Plot Summary:An Arabian prince falls in with a group of downtrodden rebels and faces the wrath of an unsympathetic sultan whose wife he is also romancing.
Ivan Mosjoukine plays a heroic soldier to the despotic Caliph who becomes disillusioned with his treatment of the slaves in his kingdom and fights to free them.
Similar to plot lines in previous Wolkof-Mosjoukine collaborations the difference with this film is that it was produced in 1932 and therefore has synchronised dialogue, something of a challenge to the film-makers since Mosjoukine, one of the biggest silent stars, spoke very little French and even when learning lines phonetically had a marked Russian accent.
In Sergent X this issue was elided by casting him as an immigrant, learning the language as the picture progressed. However, whilst this worked well as a one off, it couldn't be done on every film.
So in his second talkie Mosjoukine's character appears as a somewhat exotic outsider, a man of action and few words. During his initial escape from the Caliph, he dives off a cliff into the sea and is rescued by a young fisherman, who becomes his compatriot – and gets to do some of Mosjoukine's talking for him. The court of the Caliph also gets a great deal of the dialogue and there's a surprising musical number midway through the action. Interestingly Mosjoukine's real life wife Nathalie Lissenko appears as his love interest in this, and like her husband speaks relatively little.

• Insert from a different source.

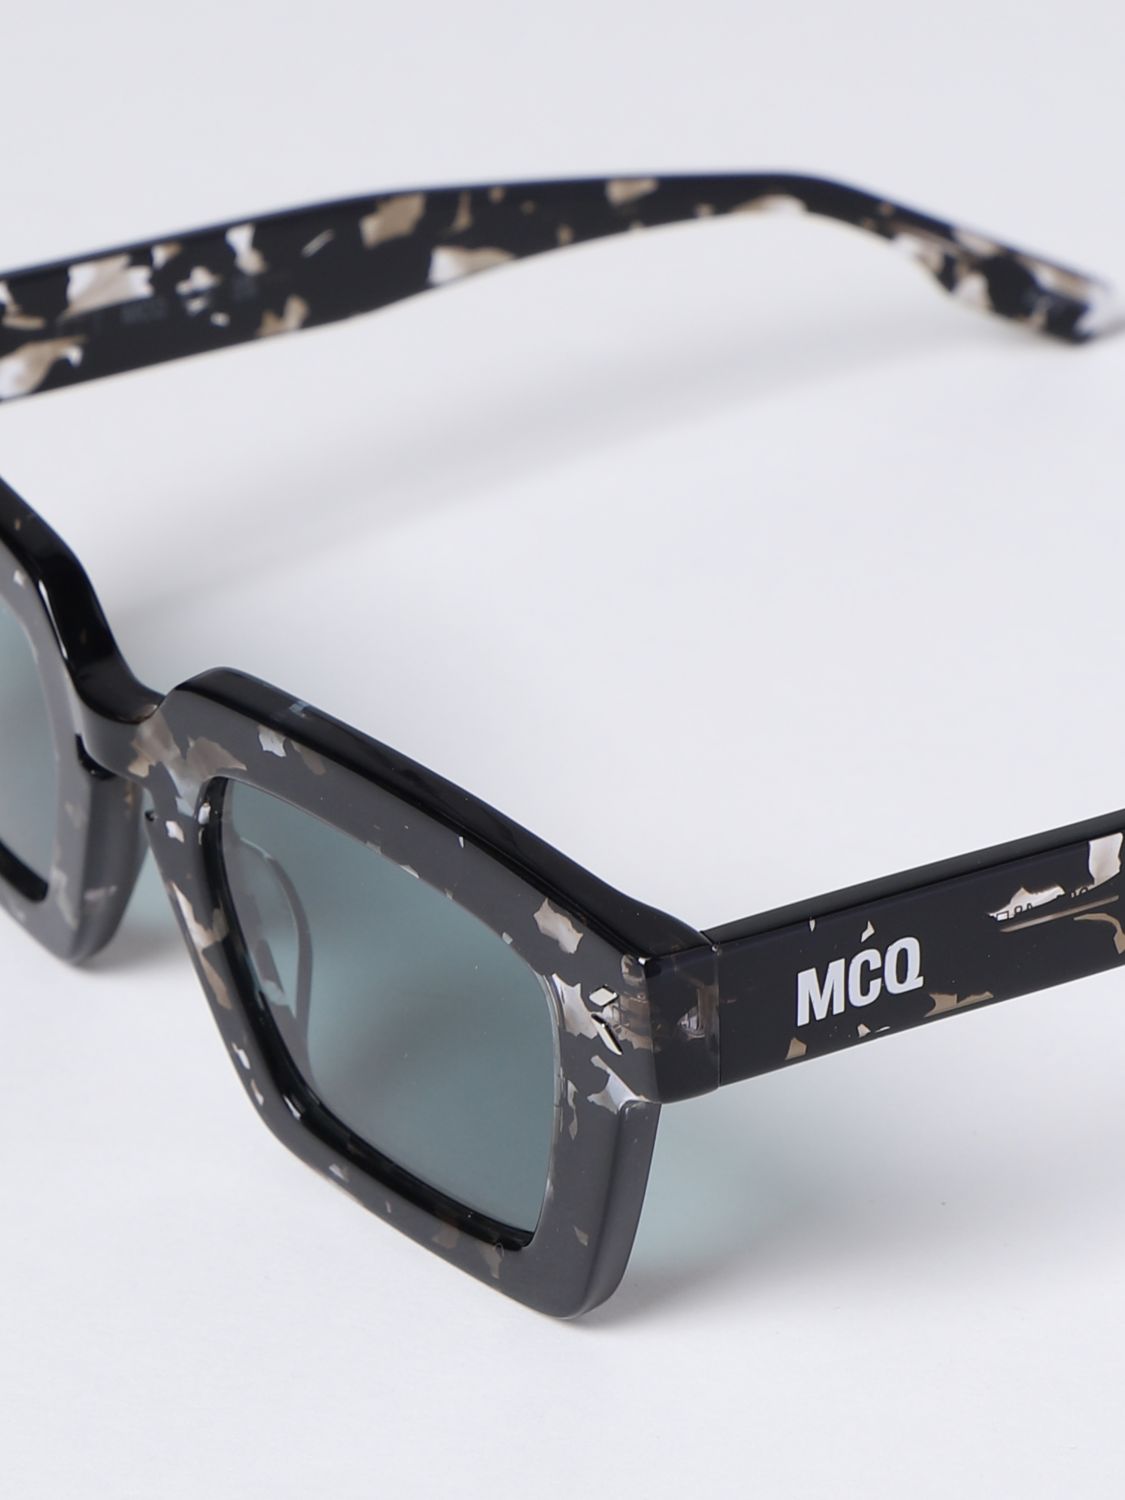 Sunglasses Mcq: Mcq sunglasses for woman grey 4

The film plays like an old fashioned English pantomime, with exaggerated villains and fawning underlings very much in the Chu Chin Chow mould. It's pleasant, expensive, occasionally exciting, with dazzling bejewelled costumes by Boris Blintsky and must've seemed completely irrelevant in a period when Renoir, Clare, and Pagnol were rapidly approaching their best work.
Mosjoukine, is still very effective in his scenes, and particularly so in a climactic duel to the death with the Caliph. When he does speak, his voice is resonant and authoritative. However since there's so much for the film to show – with a musical number, scenes of slave auctions and villainous plotting from the Caliph, Mosjoukine is quite often off screen.